One of the chief issues impacting engineering of the development wells has been the presence of salt domes, principally at Louro and Mostarda, combined with the subsurface depth of the reservoirs (the same applies at Egina). “The presence of salt reduces the seismic visibility,” the spokesperson explained, “so we needed all Total’s in-house geosciences expertise to mitigate uncertainties, notably using the company’s high performance computing system Pangea with 6.7 petaflops computing power to crunch the block 32 data. We can say that we came up with some very innovative and original solutions to expand our comprehension of subsalt imagery.

Reserves from Kaombo’s six fields will be produced through two FPSOs, which will be moored in 1,650 m (5,413 ft) of water.

“Total’s other main challenge for this project has been the water depth, which is greater than at CLOV in block 17. Appropriate flow assurance solutions were therefore integrated into the design from the start, from robust, field-tested subsea production equipment to implementation of a hybrid loop.
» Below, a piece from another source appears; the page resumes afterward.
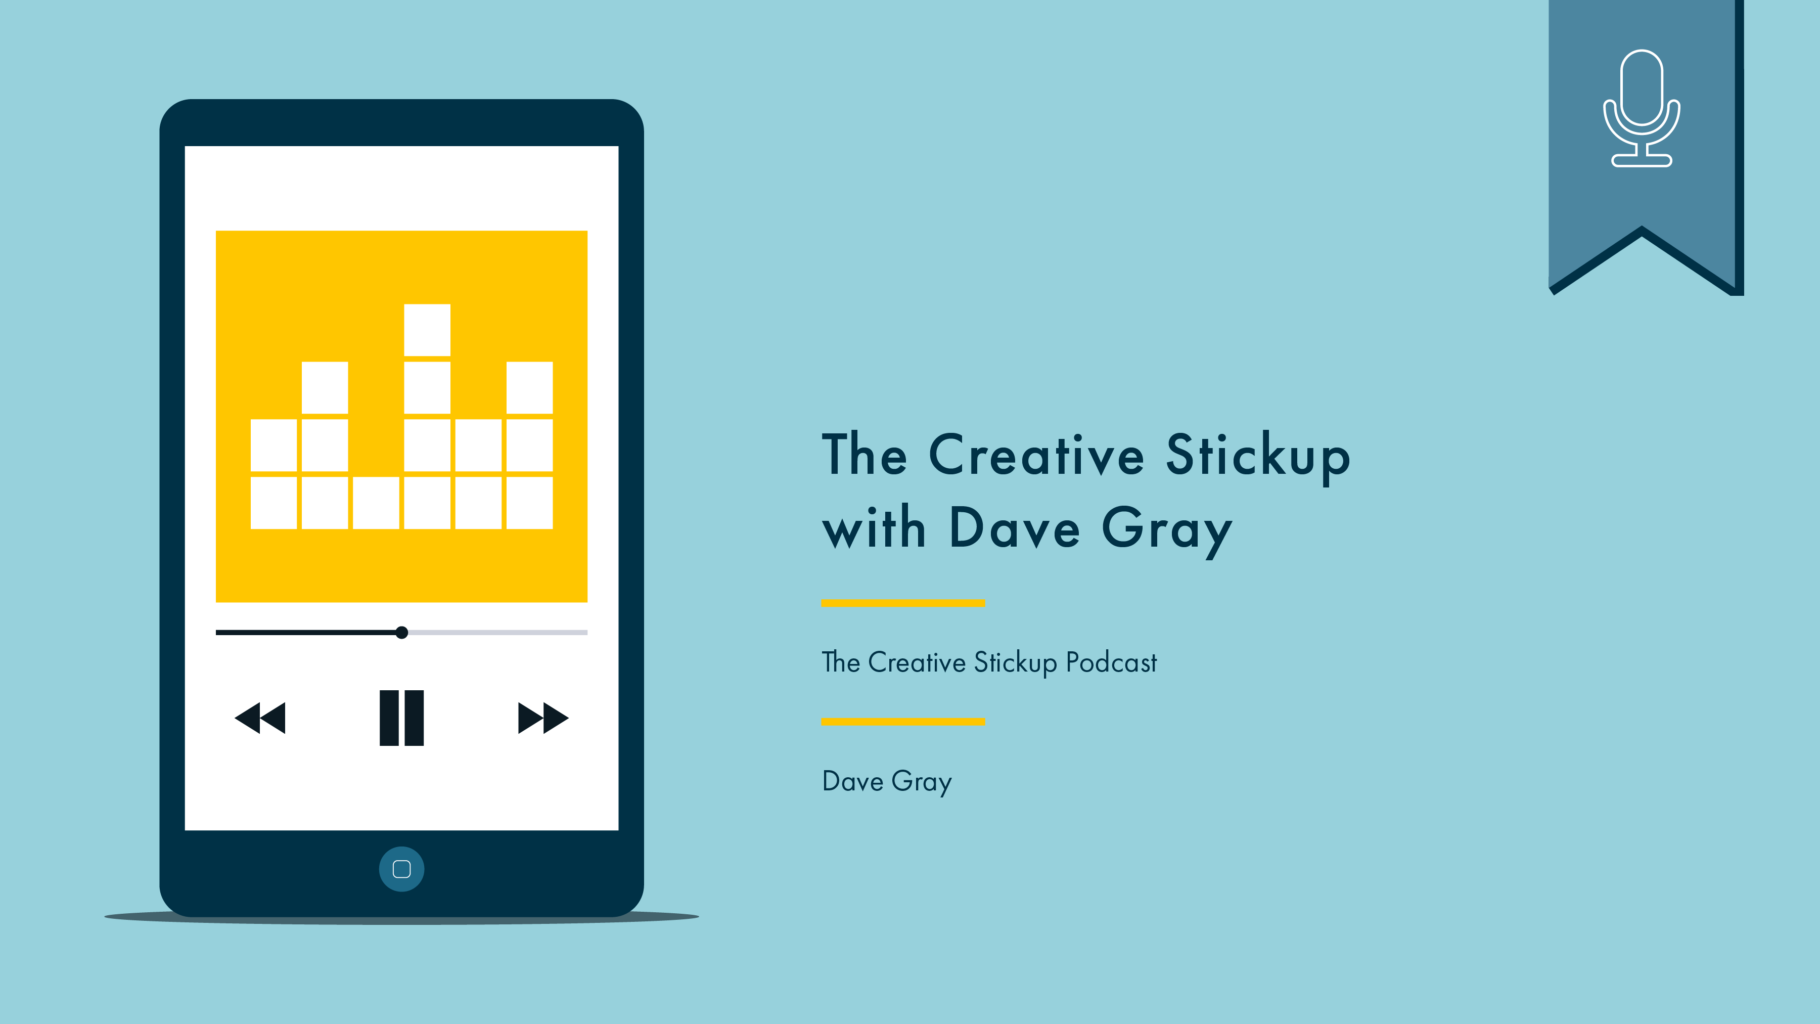 Phone with podcast artwork on the left. On the right reads “The Creative Stickup with Dave Gray, The Creative Stickup Podcast, Dave Gray.” Above is a blue flag with a white icon denoting that this is a podcast.

This involves use of a service line to allow injection of inert fluids during shutdowns to prevent hydrates forming.

“To prevent calcium carbonate and asphaltene deposits in the wells, injection of inhibitors will be performed from the FPSOs. This will mitigate the risk of well intervention with drilling rigs that would be costly. The Kaombo subsea wells are designed to be intervention-free during their production life.” Afolabi added: “This is one of the benefits of a low oil-price environment, in that it forces us to think a lot more about potential cost efficiencies during project scoping.”

Total has discovered six more potentially commercial accumulations in block 32, and there is exploration potential elsewhere in the southeast/central part of the block, Afolabi said. Any future finds in this area might therefore warrant tie-ins through the new infrastructure.